GIVEN ENTRIES:

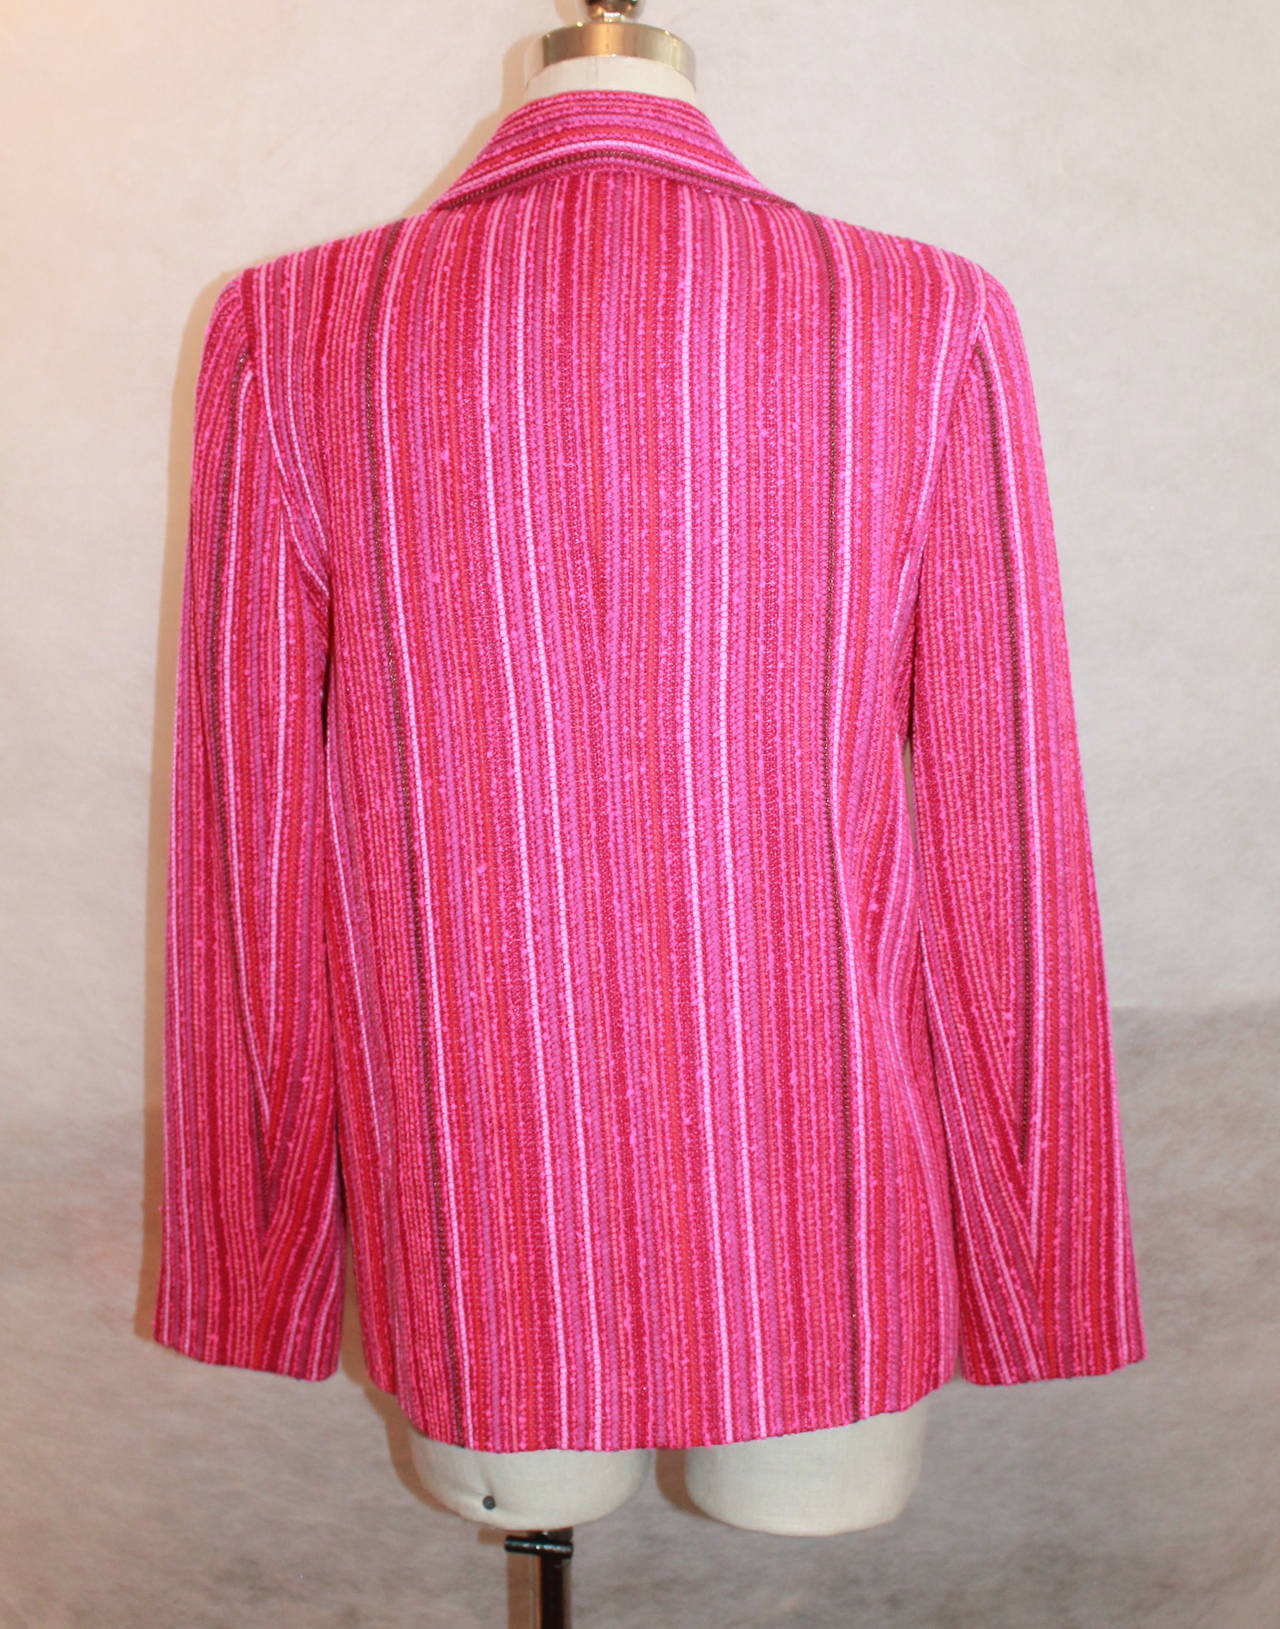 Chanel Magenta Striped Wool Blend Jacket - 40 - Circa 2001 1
---
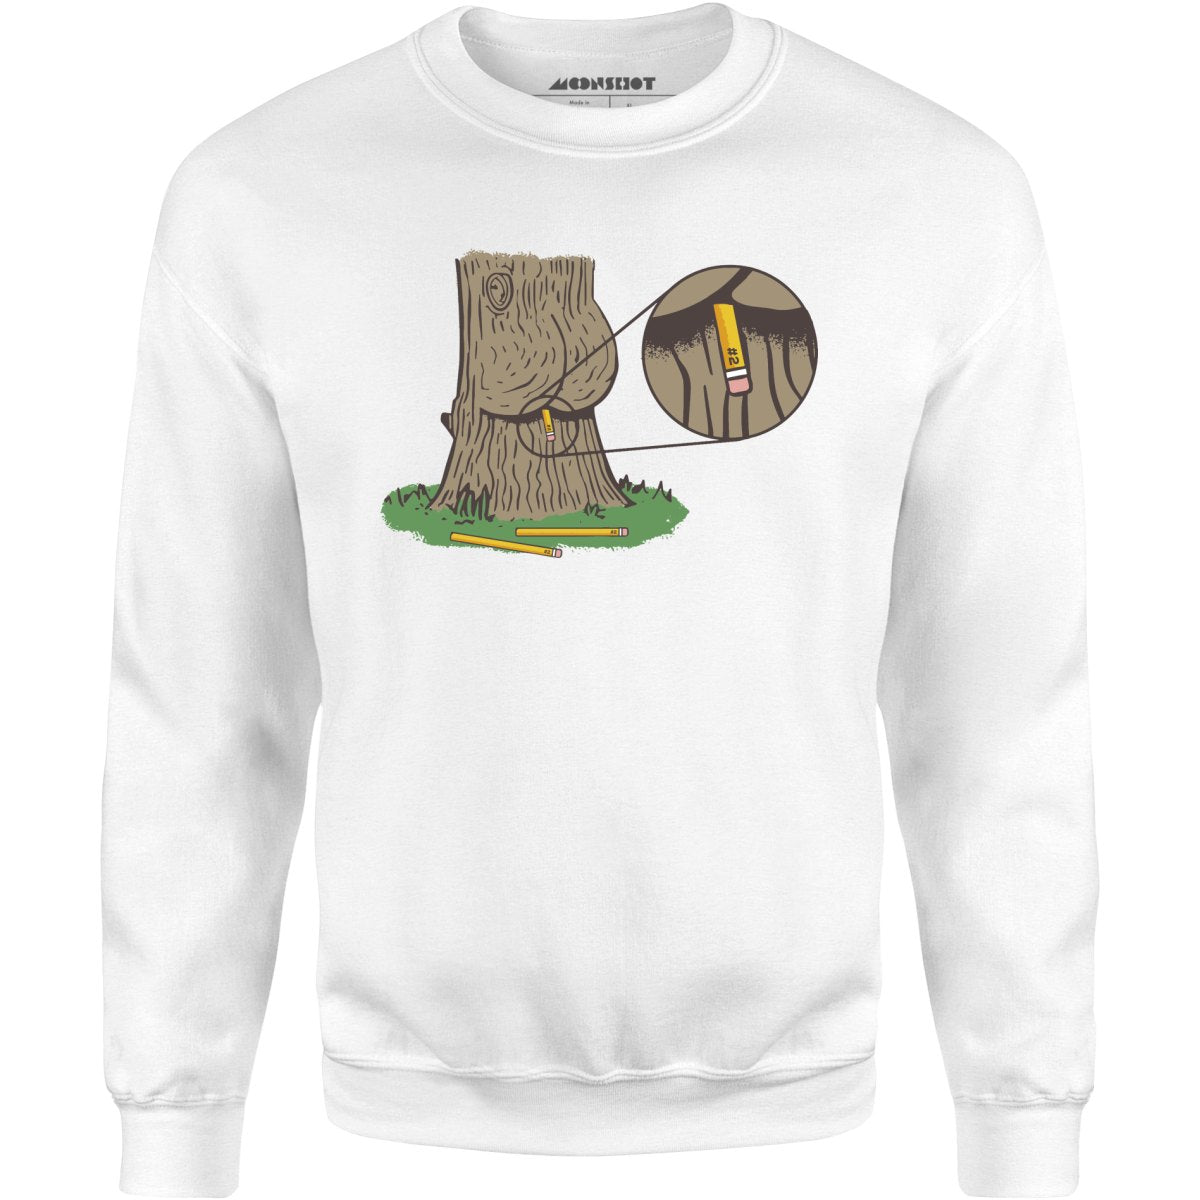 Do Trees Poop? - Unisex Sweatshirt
...
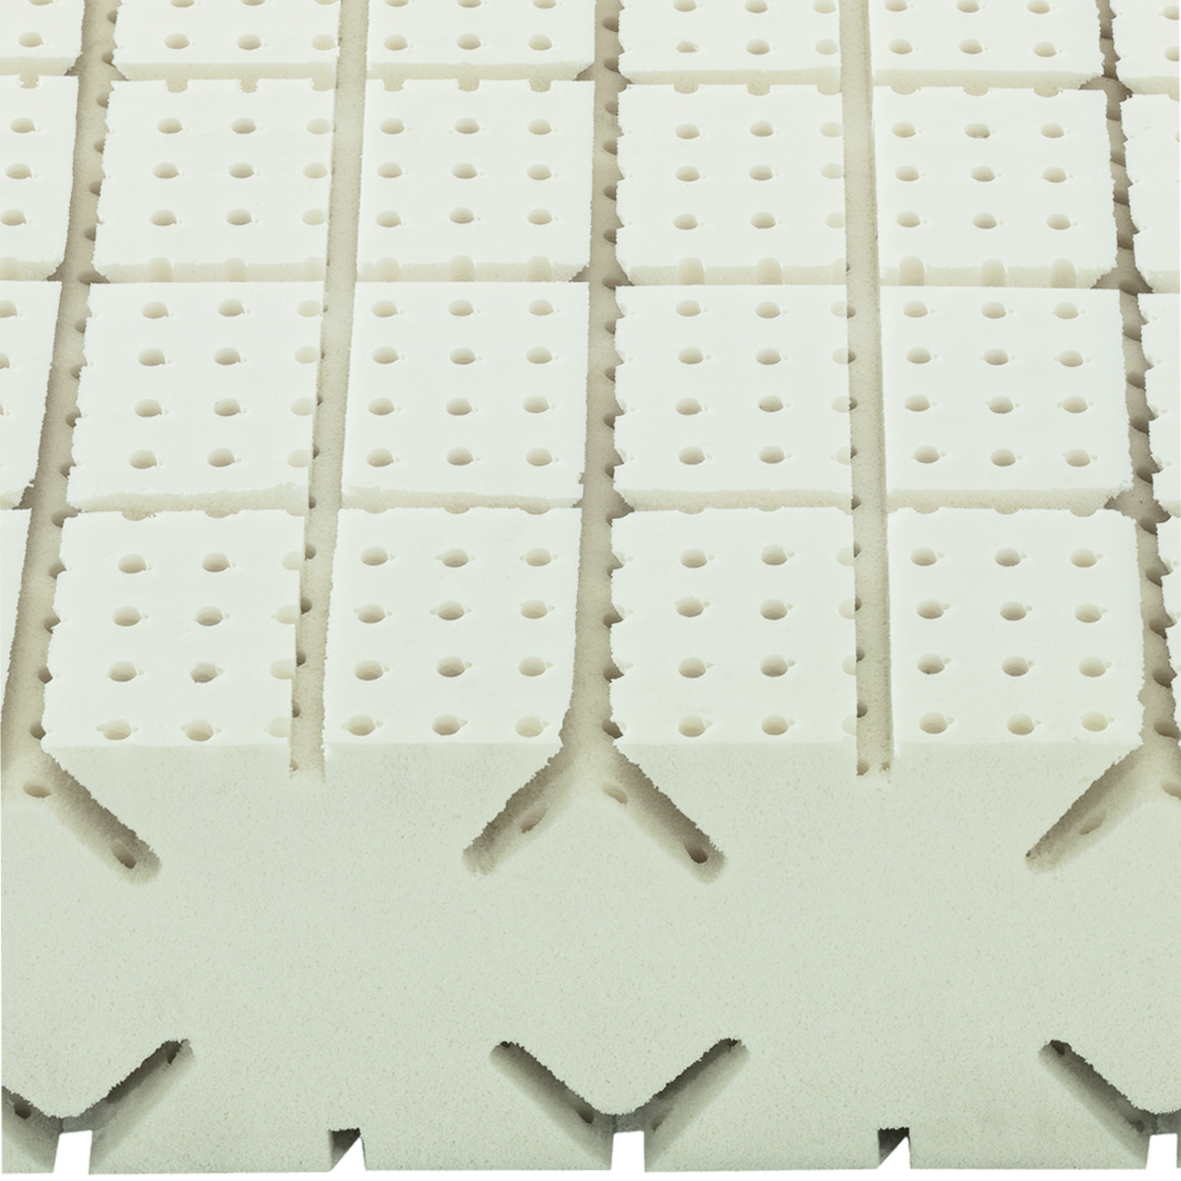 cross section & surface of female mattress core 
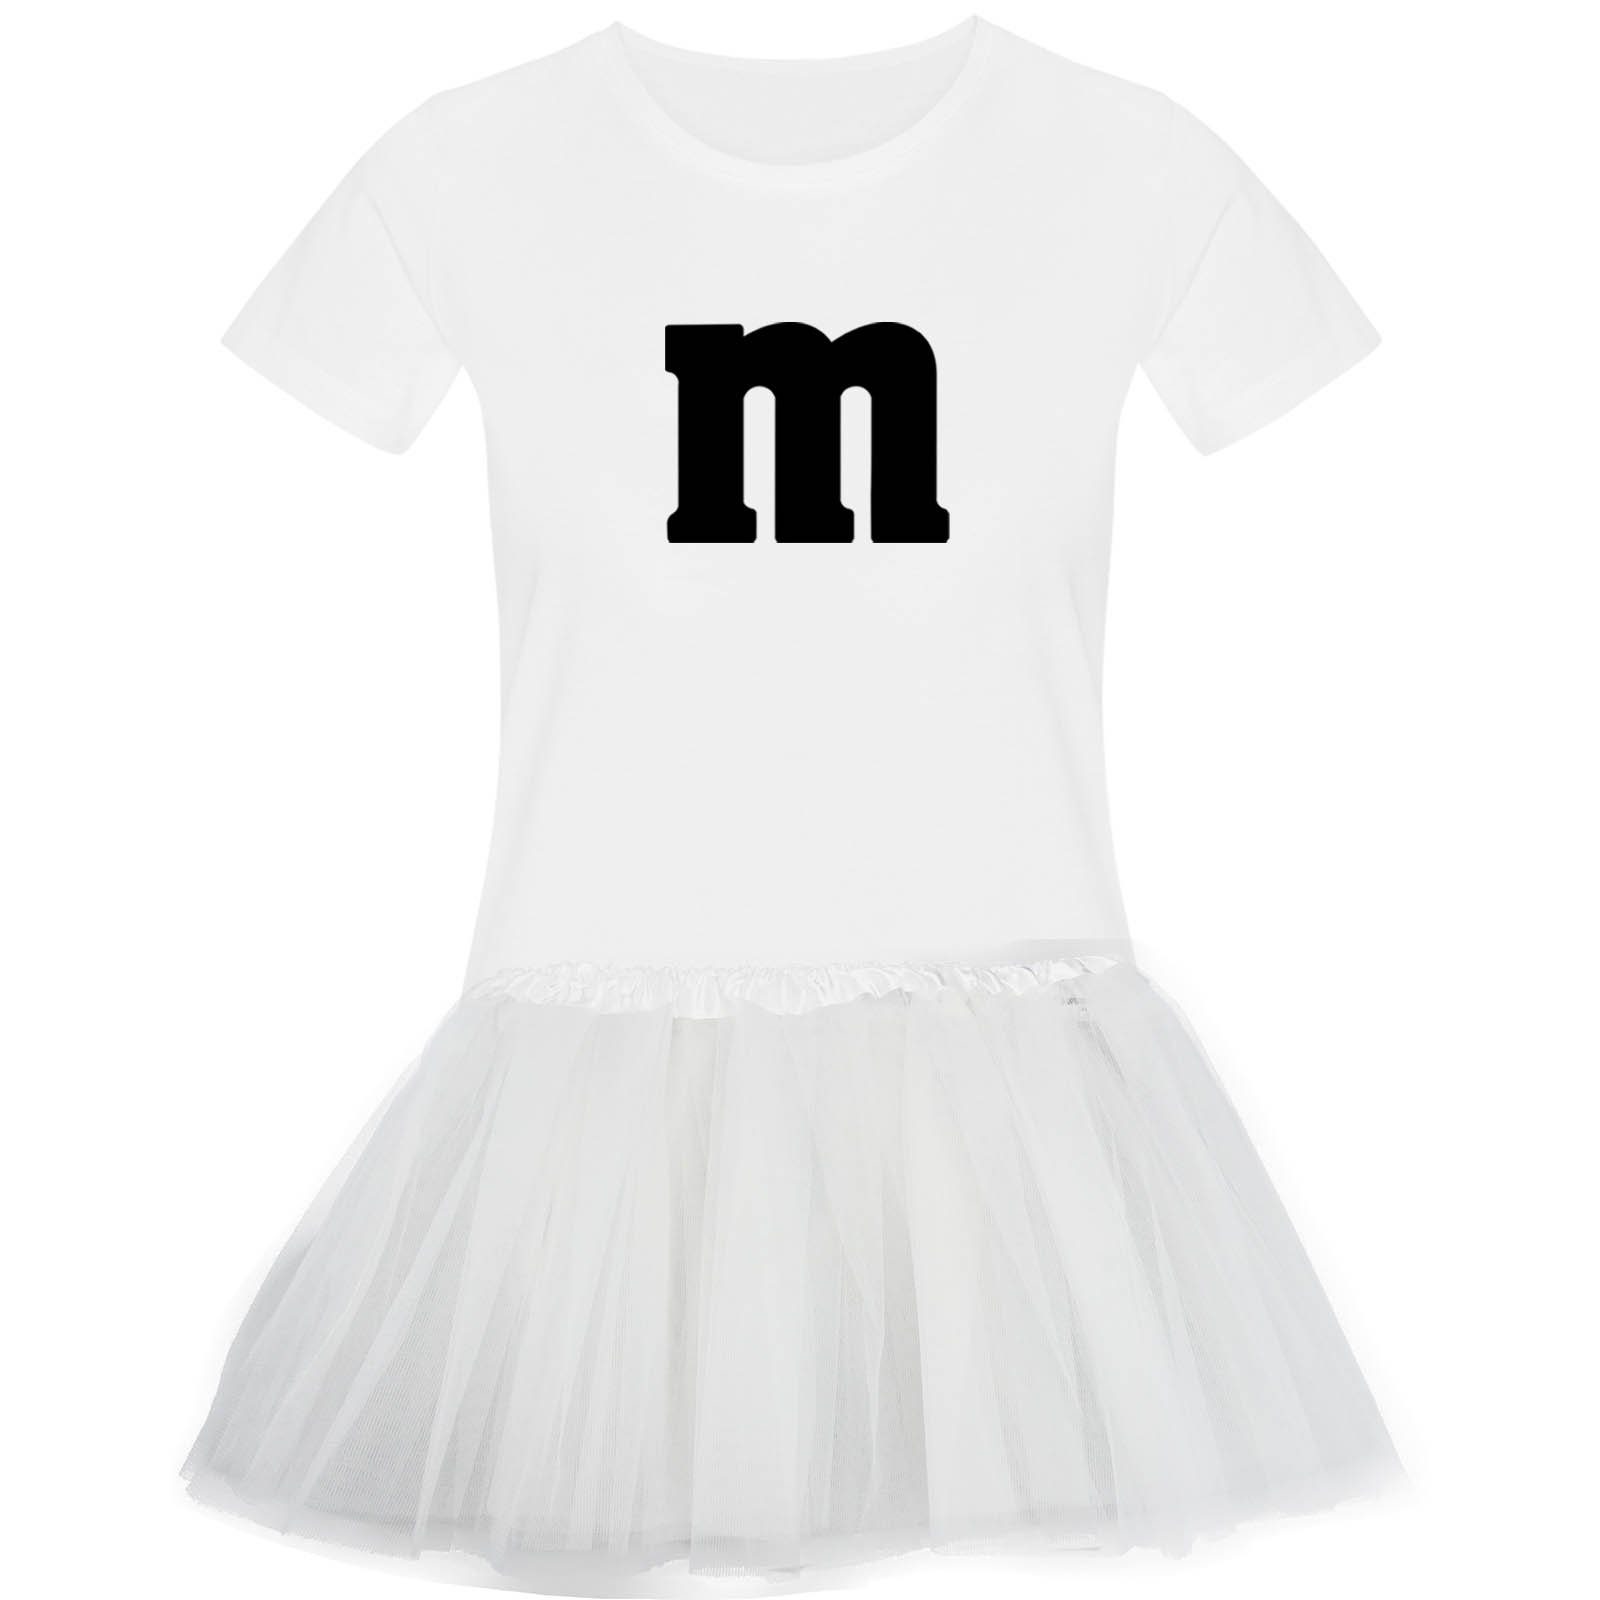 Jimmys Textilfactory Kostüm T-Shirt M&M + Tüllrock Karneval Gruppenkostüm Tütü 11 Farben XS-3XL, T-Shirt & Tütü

TASK BRIEF: Nothing but the lines above, starting at the line that contains "cross section &" and ending at the line that contains "Jimmys Textilfactory Kostüm", should be given again, exactly and without the pictures.

OUTPUT BELOW:
 cross section & surface of female mattress core 
 Jimmys Textilfactory Kostüm T-Shirt M&M + Tüllrock Karneval Gruppenkostüm Tütü 11 Farben XS-3XL, T-Shirt & Tütü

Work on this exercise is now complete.